### What the task asks
Copy, exactly as written, the lines that begin at the one containing "Colonial Star Jute" and end at the one containing "Meg Lanning plays". Skip any pictures in the data below.

### Working data
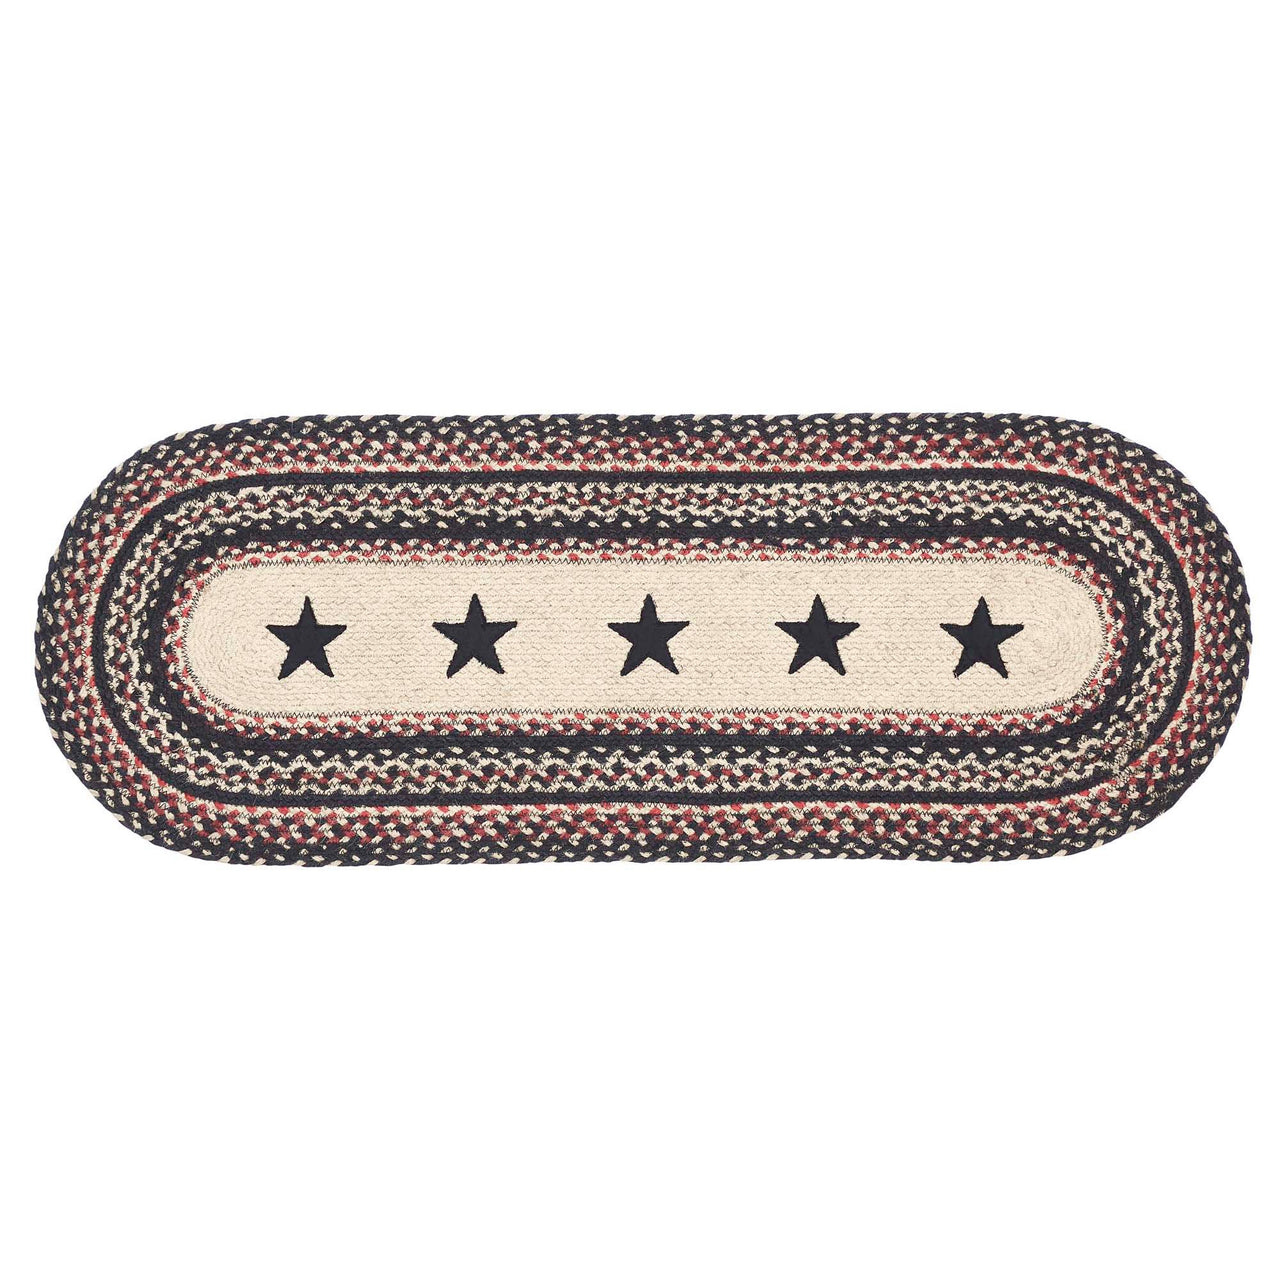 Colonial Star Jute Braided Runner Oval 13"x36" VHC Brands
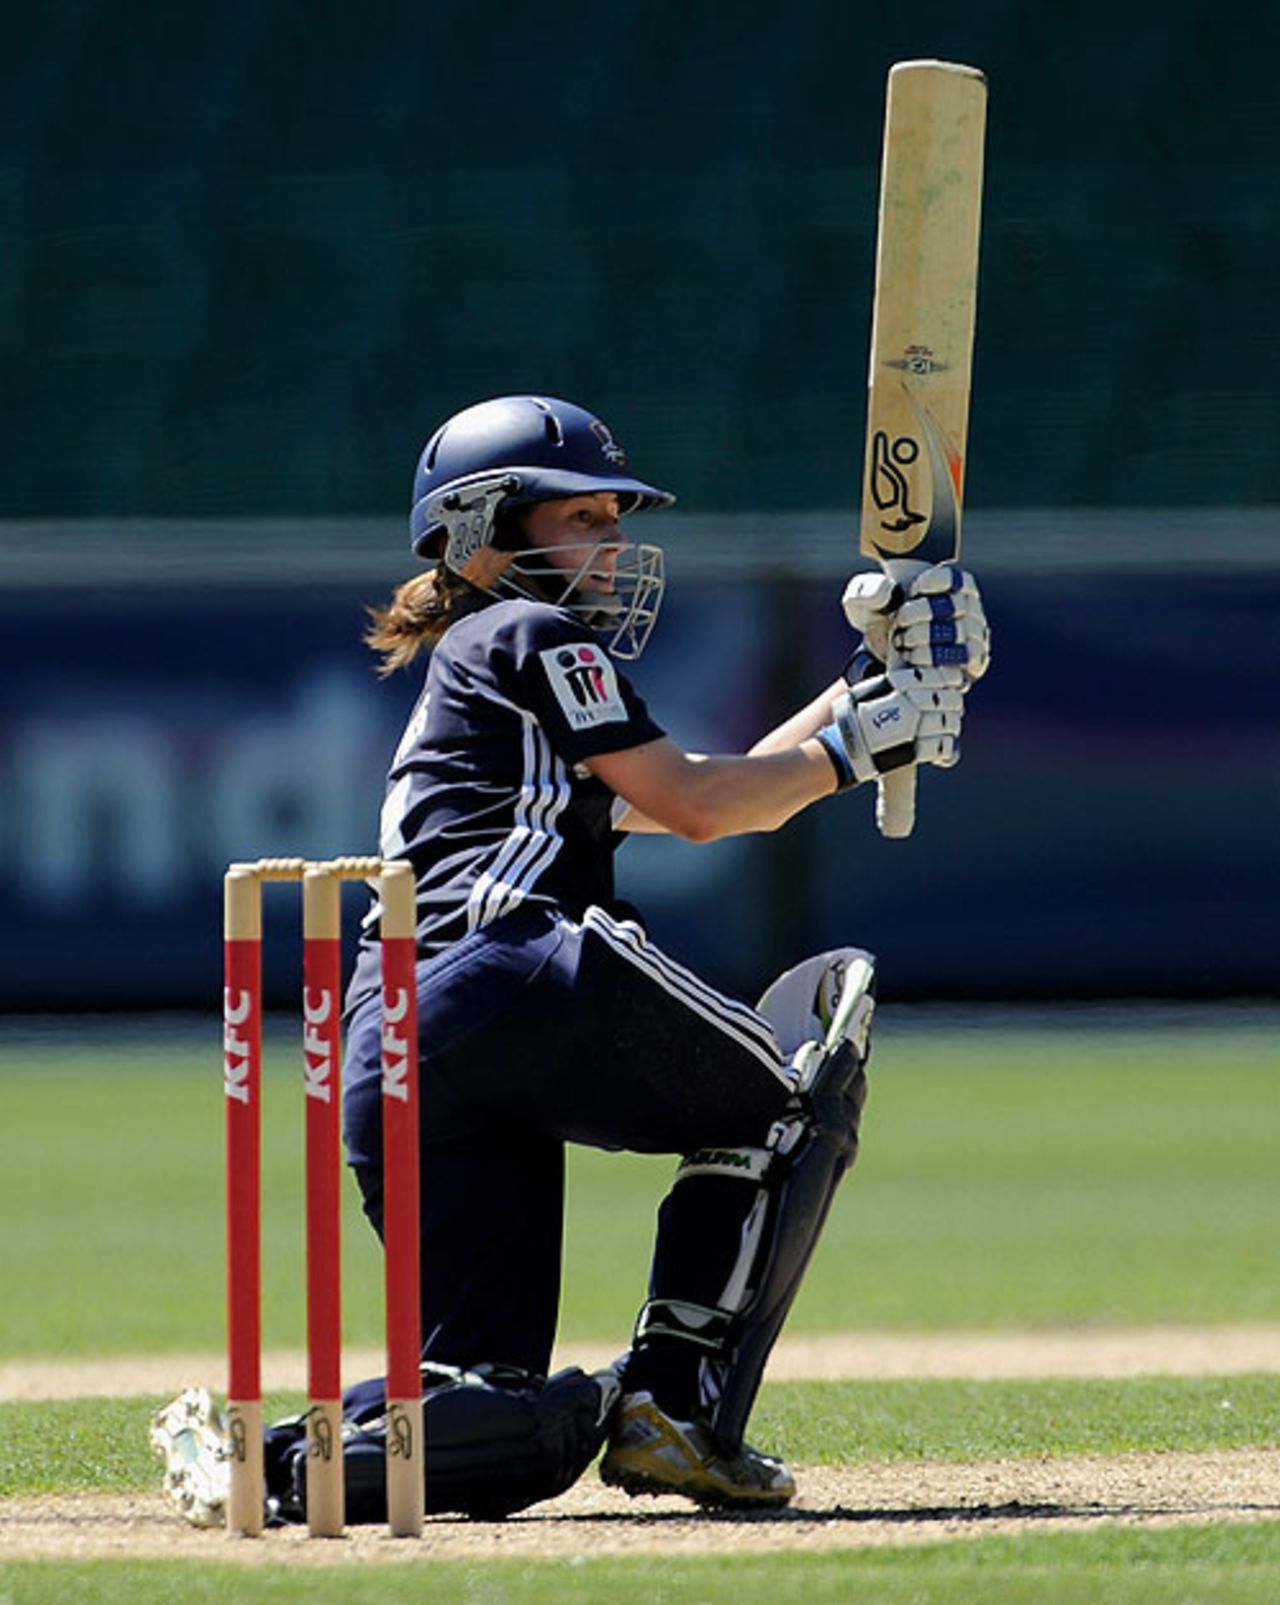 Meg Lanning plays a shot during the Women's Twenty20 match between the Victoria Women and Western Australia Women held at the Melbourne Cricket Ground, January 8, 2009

* * *

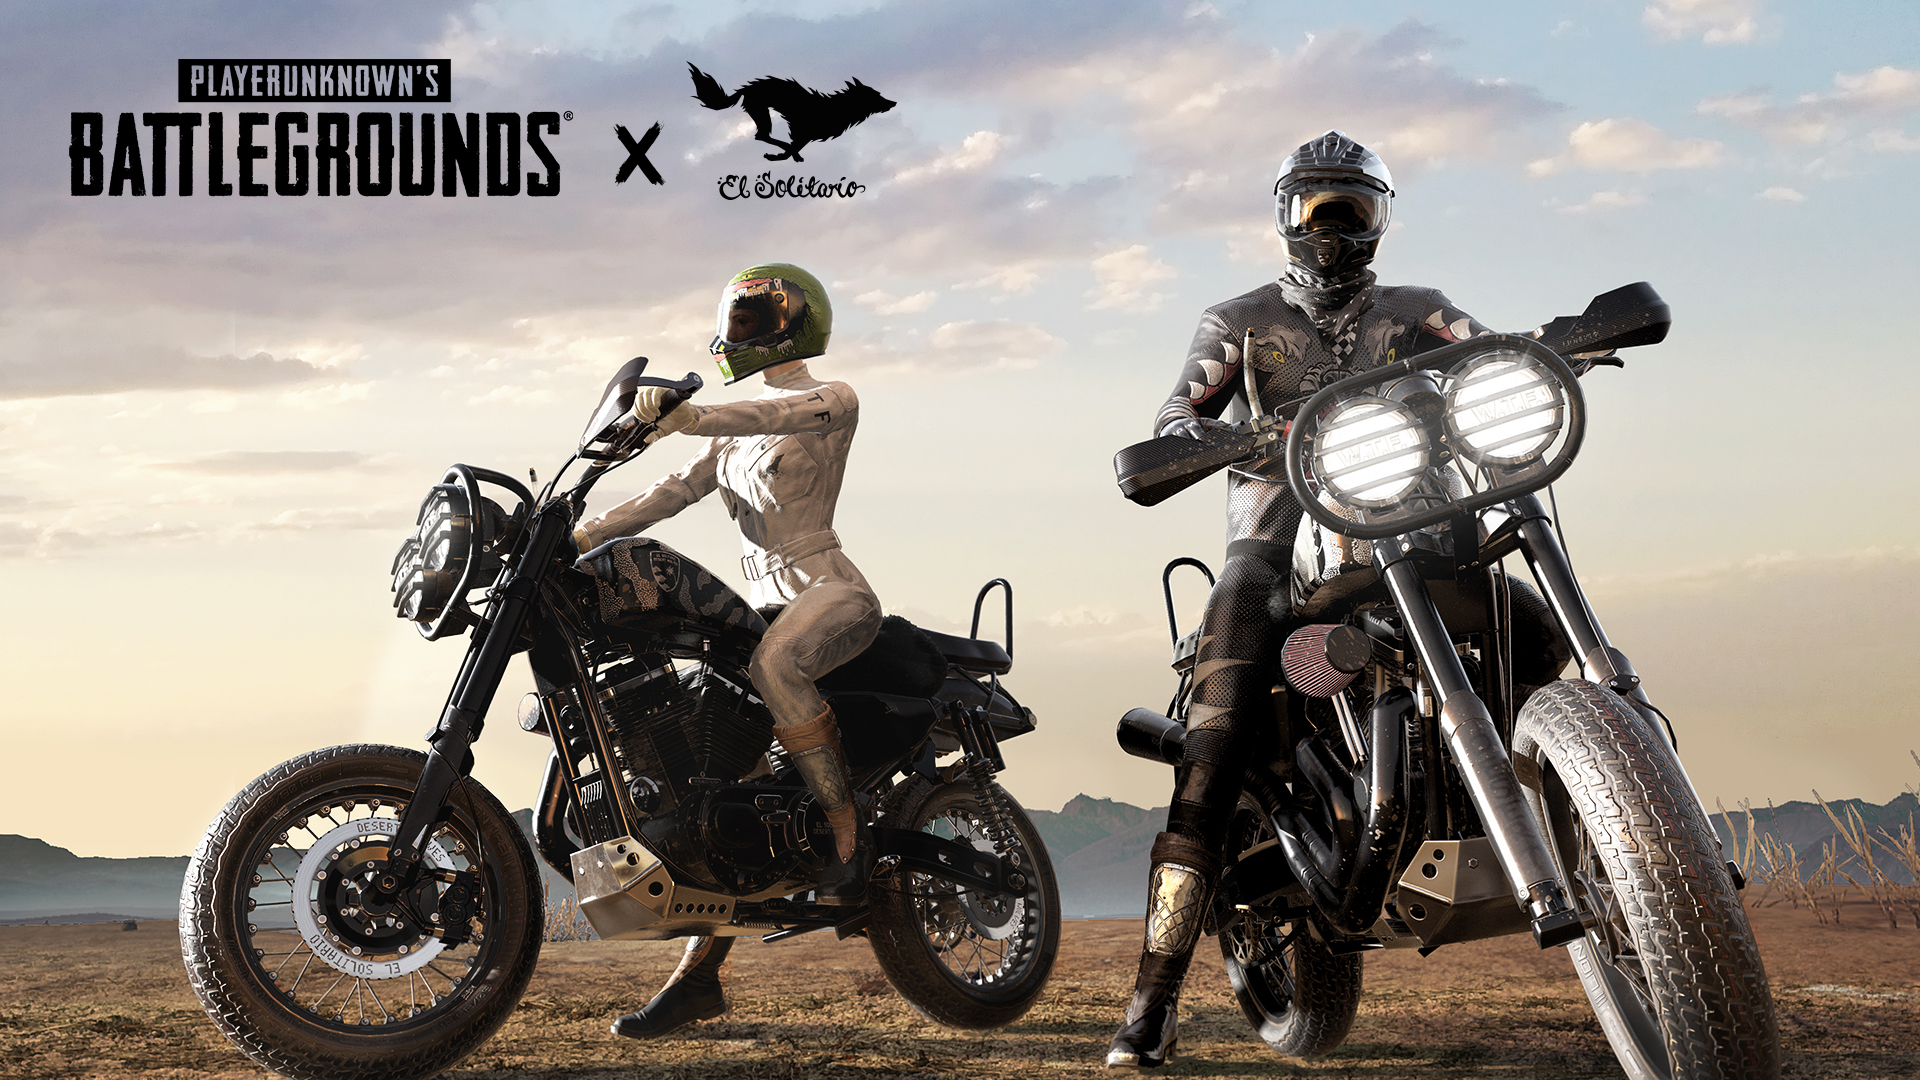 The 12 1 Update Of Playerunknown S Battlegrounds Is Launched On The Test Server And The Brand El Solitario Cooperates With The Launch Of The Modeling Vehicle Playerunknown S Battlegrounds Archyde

### Exercise output
 Colonial Star Jute Braided Runner Oval 13"x36" VHC Brands
 Meg Lanning plays a shot during the Women's Twenty20 match between the Victoria Women and Western Australia Women held at the Melbourne Cricket Ground, January 8, 2009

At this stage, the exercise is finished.